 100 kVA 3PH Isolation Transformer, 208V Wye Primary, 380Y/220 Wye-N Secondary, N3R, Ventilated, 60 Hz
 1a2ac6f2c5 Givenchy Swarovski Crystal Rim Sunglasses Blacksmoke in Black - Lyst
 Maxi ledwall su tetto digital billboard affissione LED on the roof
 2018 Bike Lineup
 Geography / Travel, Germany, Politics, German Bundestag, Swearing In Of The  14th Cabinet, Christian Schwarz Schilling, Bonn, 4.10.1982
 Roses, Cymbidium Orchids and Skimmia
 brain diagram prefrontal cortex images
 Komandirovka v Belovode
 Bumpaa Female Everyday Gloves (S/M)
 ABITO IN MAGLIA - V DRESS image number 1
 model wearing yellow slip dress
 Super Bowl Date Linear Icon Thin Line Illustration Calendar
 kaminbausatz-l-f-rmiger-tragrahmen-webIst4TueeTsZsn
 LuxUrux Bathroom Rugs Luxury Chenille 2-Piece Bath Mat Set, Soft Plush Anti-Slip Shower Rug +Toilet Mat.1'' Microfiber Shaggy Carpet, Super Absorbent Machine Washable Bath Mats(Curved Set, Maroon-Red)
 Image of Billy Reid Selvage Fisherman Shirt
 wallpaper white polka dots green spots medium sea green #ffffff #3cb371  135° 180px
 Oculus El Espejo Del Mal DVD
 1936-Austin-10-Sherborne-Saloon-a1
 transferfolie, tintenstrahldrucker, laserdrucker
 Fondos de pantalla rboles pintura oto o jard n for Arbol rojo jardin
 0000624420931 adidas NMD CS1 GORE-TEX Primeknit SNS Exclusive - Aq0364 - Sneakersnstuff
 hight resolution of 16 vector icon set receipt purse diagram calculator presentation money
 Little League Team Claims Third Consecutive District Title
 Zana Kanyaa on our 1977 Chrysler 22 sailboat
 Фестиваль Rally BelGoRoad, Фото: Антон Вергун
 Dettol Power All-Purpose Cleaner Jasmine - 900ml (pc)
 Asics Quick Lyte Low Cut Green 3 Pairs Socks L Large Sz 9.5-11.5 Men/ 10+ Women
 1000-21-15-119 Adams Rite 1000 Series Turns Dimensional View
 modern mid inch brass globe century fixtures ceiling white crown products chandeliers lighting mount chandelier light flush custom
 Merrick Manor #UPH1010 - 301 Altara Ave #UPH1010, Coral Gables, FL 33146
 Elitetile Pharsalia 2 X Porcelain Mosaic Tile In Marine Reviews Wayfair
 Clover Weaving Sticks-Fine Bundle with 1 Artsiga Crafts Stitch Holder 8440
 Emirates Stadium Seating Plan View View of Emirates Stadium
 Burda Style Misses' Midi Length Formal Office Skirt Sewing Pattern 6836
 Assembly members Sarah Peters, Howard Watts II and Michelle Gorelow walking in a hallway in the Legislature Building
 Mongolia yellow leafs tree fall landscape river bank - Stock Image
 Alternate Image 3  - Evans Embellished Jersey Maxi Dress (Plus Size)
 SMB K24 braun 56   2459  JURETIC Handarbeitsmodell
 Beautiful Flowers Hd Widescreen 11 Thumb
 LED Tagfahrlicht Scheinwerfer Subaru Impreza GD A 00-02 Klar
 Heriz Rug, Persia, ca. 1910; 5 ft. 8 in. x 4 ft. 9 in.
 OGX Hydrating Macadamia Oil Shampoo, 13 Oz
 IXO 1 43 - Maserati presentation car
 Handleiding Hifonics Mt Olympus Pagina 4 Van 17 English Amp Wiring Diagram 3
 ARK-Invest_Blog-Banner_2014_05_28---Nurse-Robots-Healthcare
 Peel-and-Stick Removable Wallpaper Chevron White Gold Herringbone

************

Check each line of the material for "Maxi". Copy the ones that have it.

Completed exercise:
 Maxi ledwall su tetto digital billboard affissione LED on the roof
 Alternate Image 3  - Evans Embellished Jersey Maxi Dress (Plus Size)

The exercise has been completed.